Огромную сцену заняла цветастая подушечка — она лежит от края и до края. Ее извивы и бугры — очень помятая перина мира. Ковер земных страстей. Взоры рассказчиков и работающих лиц, и зрителей из зала падают на эту подушку-сцену, оставляя — как произнесли бы суфийские поэты, которыми и вдохновляются рассказчики — тыщу тревожных вздохов. Здесь требуется обмолвка: вздохи эти — в серьезном шахматном порядке и не нарушают предписаний Роспотребнадзора.

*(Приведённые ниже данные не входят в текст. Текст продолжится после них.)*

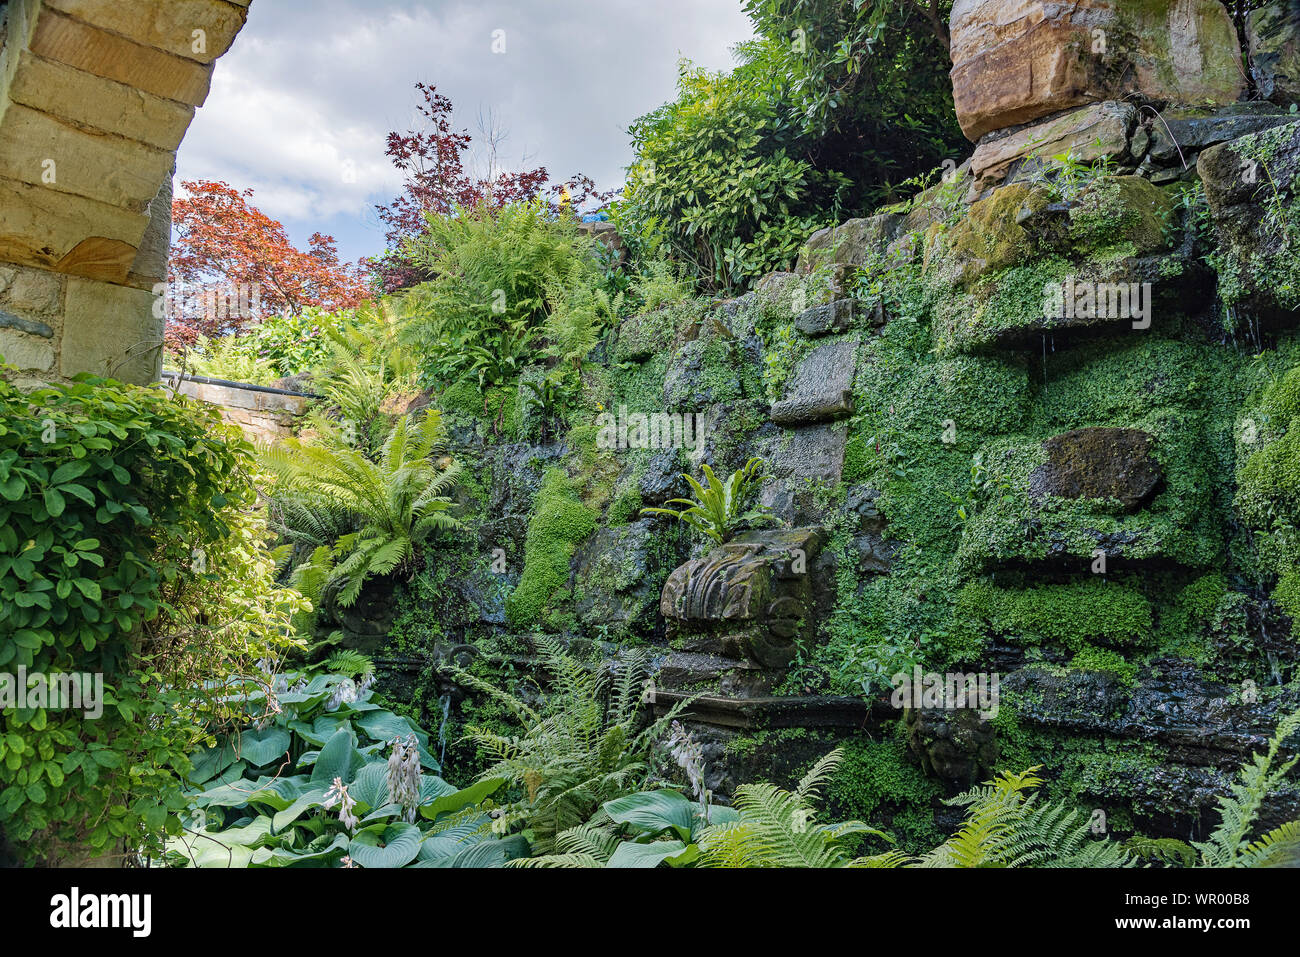 Schattigen Grotten-italienischen Garten, Hever Castle, Großbritannien Stockfoto

Любовь постоянно фаталистическая. Злой халиф (но с хорошими очами Томаса Моцкуса) оказывается дамой, грудь как две горы и нянчится с детками. Красивая мулатка (Стефани Елизавета Бурмакова) рада притворяться, как будто парень являлся к ней во сне — и вот что вышло. Порхающая пышка (Лена Ворончихина) запугивает братьев: если не сделают, чего же она хочет, случится ужасное. Они, естественно, страшатся — а у нее уже на колье 570 перстней о тех возлюбленных, которые уже страшились так же. Супруга (Евгения Дмитриева) магическим образом околпачивает мужа-ювелира. И в конце концов очередной мечтатель задумывается о некоей несбыточной жене — и не замечает рядом любви истинной (Александры Кесельман). Виолончели о собственном. Под музыку Шуберта тут — самые решительные страсти.

Режиссер Агуреева именовала этот жанр «ироническим кабуки», худрук театра Евгений Каменькович именовал его «драматическим балетом».

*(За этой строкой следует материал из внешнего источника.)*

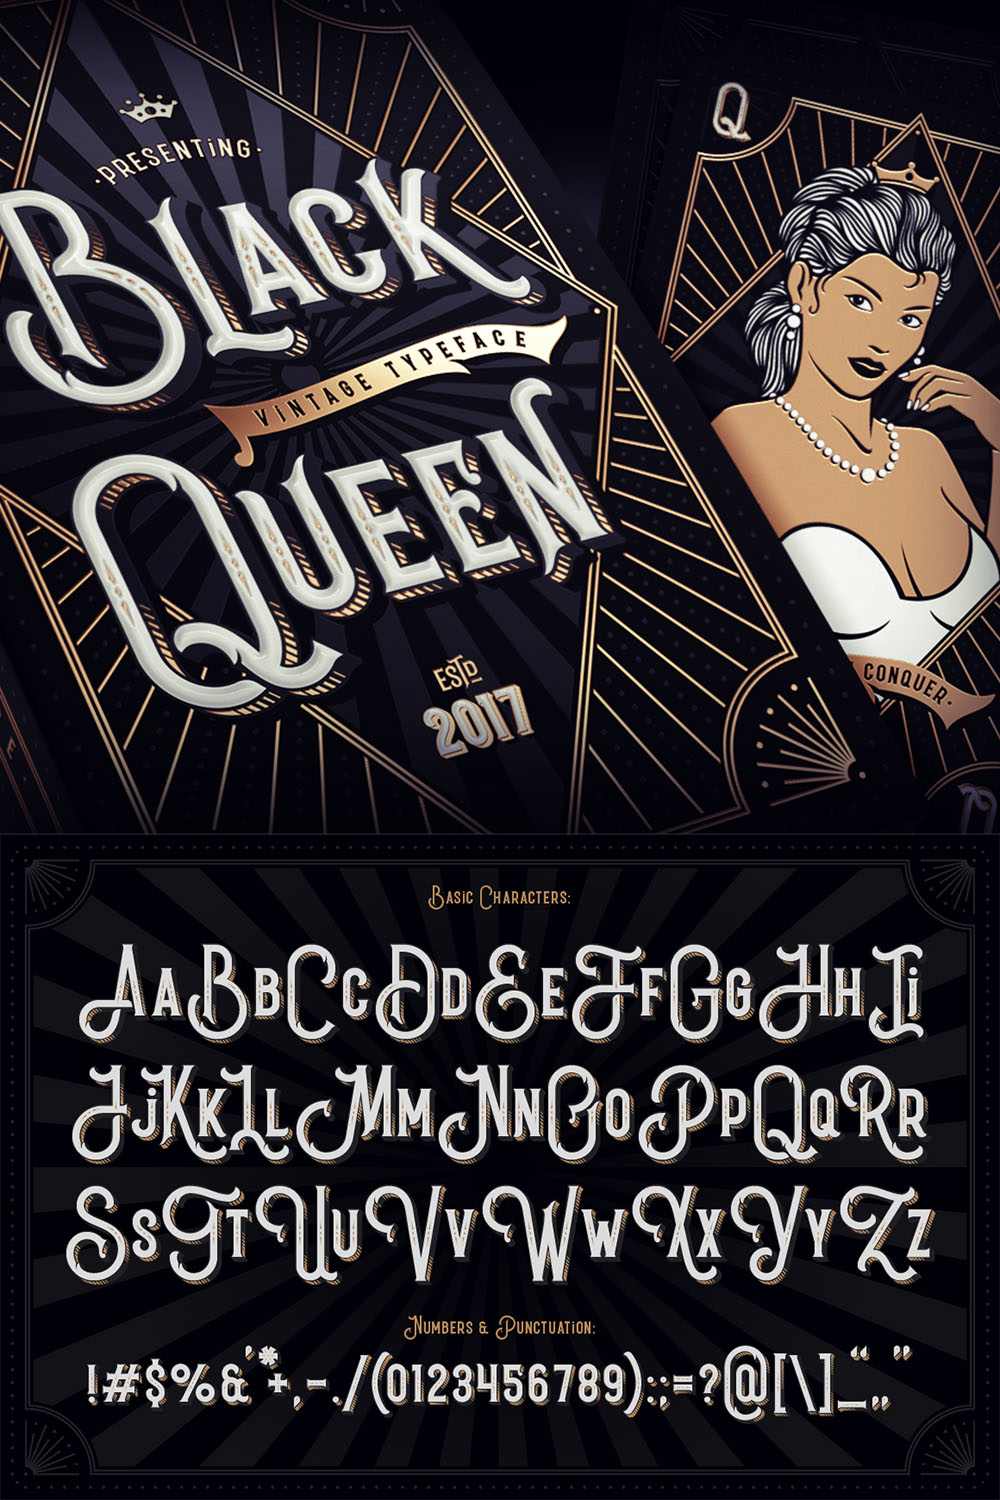 Vintage Typeface Font Black Queen pinterest image.

Венский Театр-ан-дер-Вин открыл собственный сезон и позабытую оперу Леонкавалло

Сюжеты, архетипы нанизываются друг на друга забавно, как бусы. «Так нить за нитью хитросплетается полотно». Круговорот страстей, которому сопротивляться никчемно. Есть ли ключ от данной для нас потаенны жизни? Заместо ключа — мелькнуло слово «верность». Кажется, как будто неприемлимое при том, что наворочено у Шехрезады. И все таки. «Только тот может тайну скрыть, кто верен остается…»

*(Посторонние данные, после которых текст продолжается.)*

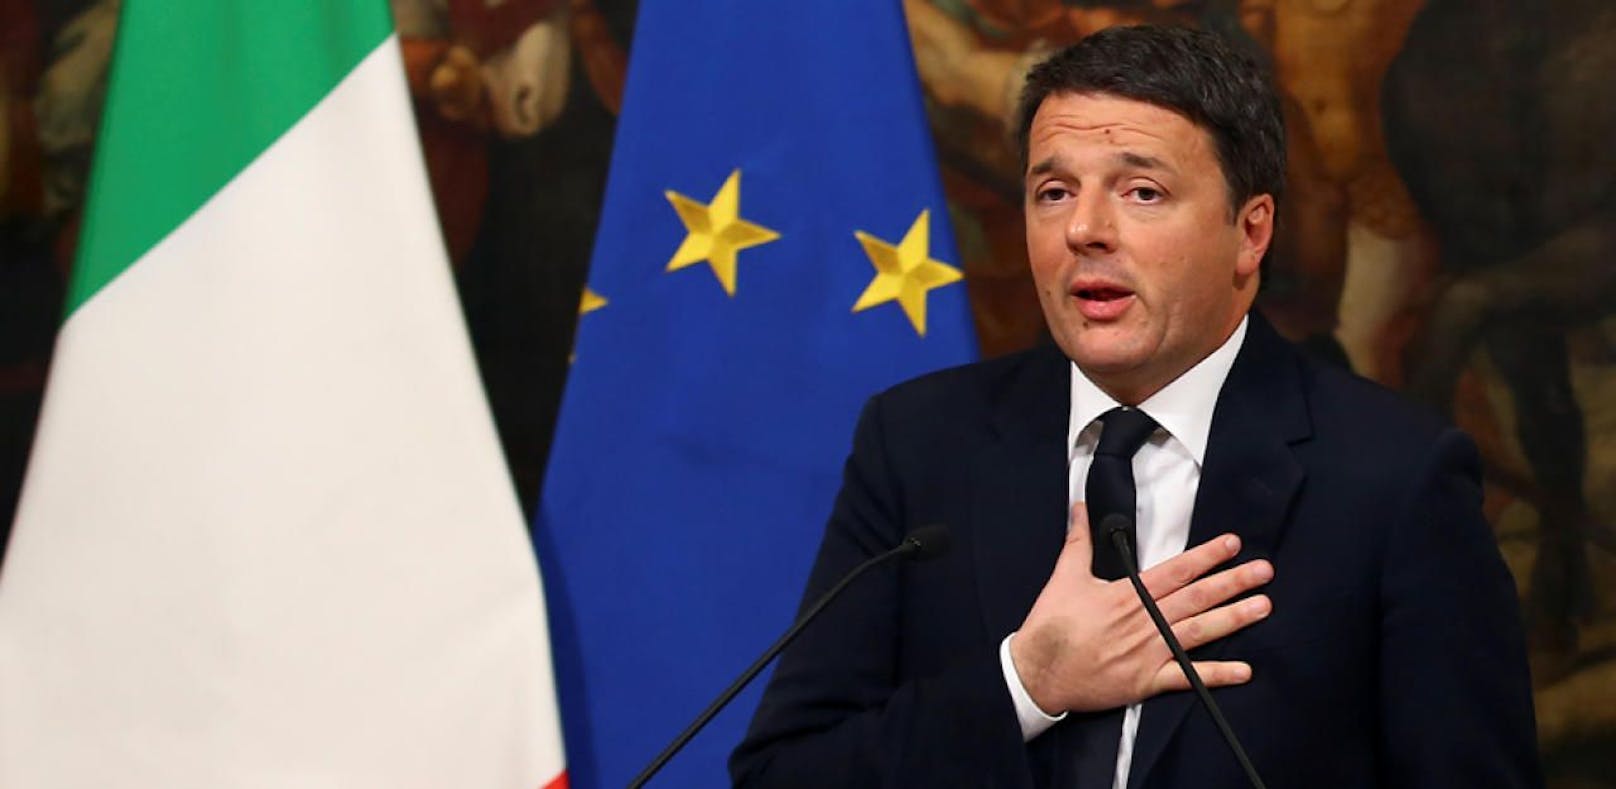 Matteo Renzi tritt nach Niederlage zurück

Полина Агуреева перед премьерой поведала в интервью журнальчику «Театр», что в ее спектакле по-своему отразился нынешний «кризис цивилизации», который, кажется, меняет «глубинную суть человека». Без которой «новейший мир тяжело будет именовать «человечьим»». Спасение, может быть, по ее словам, разве что в «возвращении к обычным и нескончаемым вещам». К любви как «выходу из «тут» и «на данный момент» в Вечность». К основам мифа — «истокам души», где важны и «истоки», и «душа».

А все-же не напрасно мы вспомянули «Египетские ночи». В давнешней постановке Петр Фоменко употреблял фрагменты Пушкина и Брюсова. Полина Агуреева тогда игралась роль графини К., которая преображается, как начинается игра воображения. Она меж поэтом Чарским и импровизатором-итальянцем Пиндемонти — служит «вдохновением» (гусиное перо в прическу), «подругой думы праздной». Столичный свет разыгрывал сюжет о Клеопатре, которой трое платят жизнью за проведенную с ней ночь.

Здесь любопытна возникающая вдруг цепочка: пушкинское стихотворение «Из Пиндемонти» знатоки суфийской поэзии называли «наилучшим гимном дервишеской свободе». Пушкинские «Египетские ночи» вспоминал герой ранешней повести Достоевского «Белоснежные ночи». Когда-то в спектакле «Белоснежные ночи» (поставленном фоменковским учеником Николаем Дручеком) Полина Агуреева сыграла главную героиню Настеньку, которая небезопасно прогуливается по перилам и оказывается меж Мечтателем и приземленным Жильцом (который — лишь позови). Оставшийся ни с чем Мечтатель — как и жертвы тех египетских ночей с Клеопатрой — благодарит судьбу за «целую минутку блаженства».

Режиссер Агуреева именовала этот жанр «ироническим кабуки», худрук театра Евгений Каменькович именовал его «драматическим балетом»

И Настенька пела в «Белоснежных ночах» голосом Полины Агуреевой: «100 различных хитростей и неприметностей, и будет так, как я желаю». И все-же зависела от воли приземленного Жильца: прошептал — и побежала.

В ее спектакле «Тыща и одна ночь» тоже слышны слова о хитрости, но голосом некий новейшей мудрости: «Для всего есть хитрость, не считая погибели», — изрёк суфий». Вся эта цепочка — может и невидимая снаружи — естественно же про генетическую связь с учителем — Петром Фоменко: истоки и душа — оттуда. В то же время все заного — иной язык сценического деяния.

Рассказчики — Полина Агуреева и Федор Малышев — снимают темные плащи и в белых хитонах ныряют вдруг в конце спектакля туда — где все герои их воображения, на перину страсти, любовную подушечку мира. Там — спасение. Они «пляшут от 1-го рая до последующего». По-своему.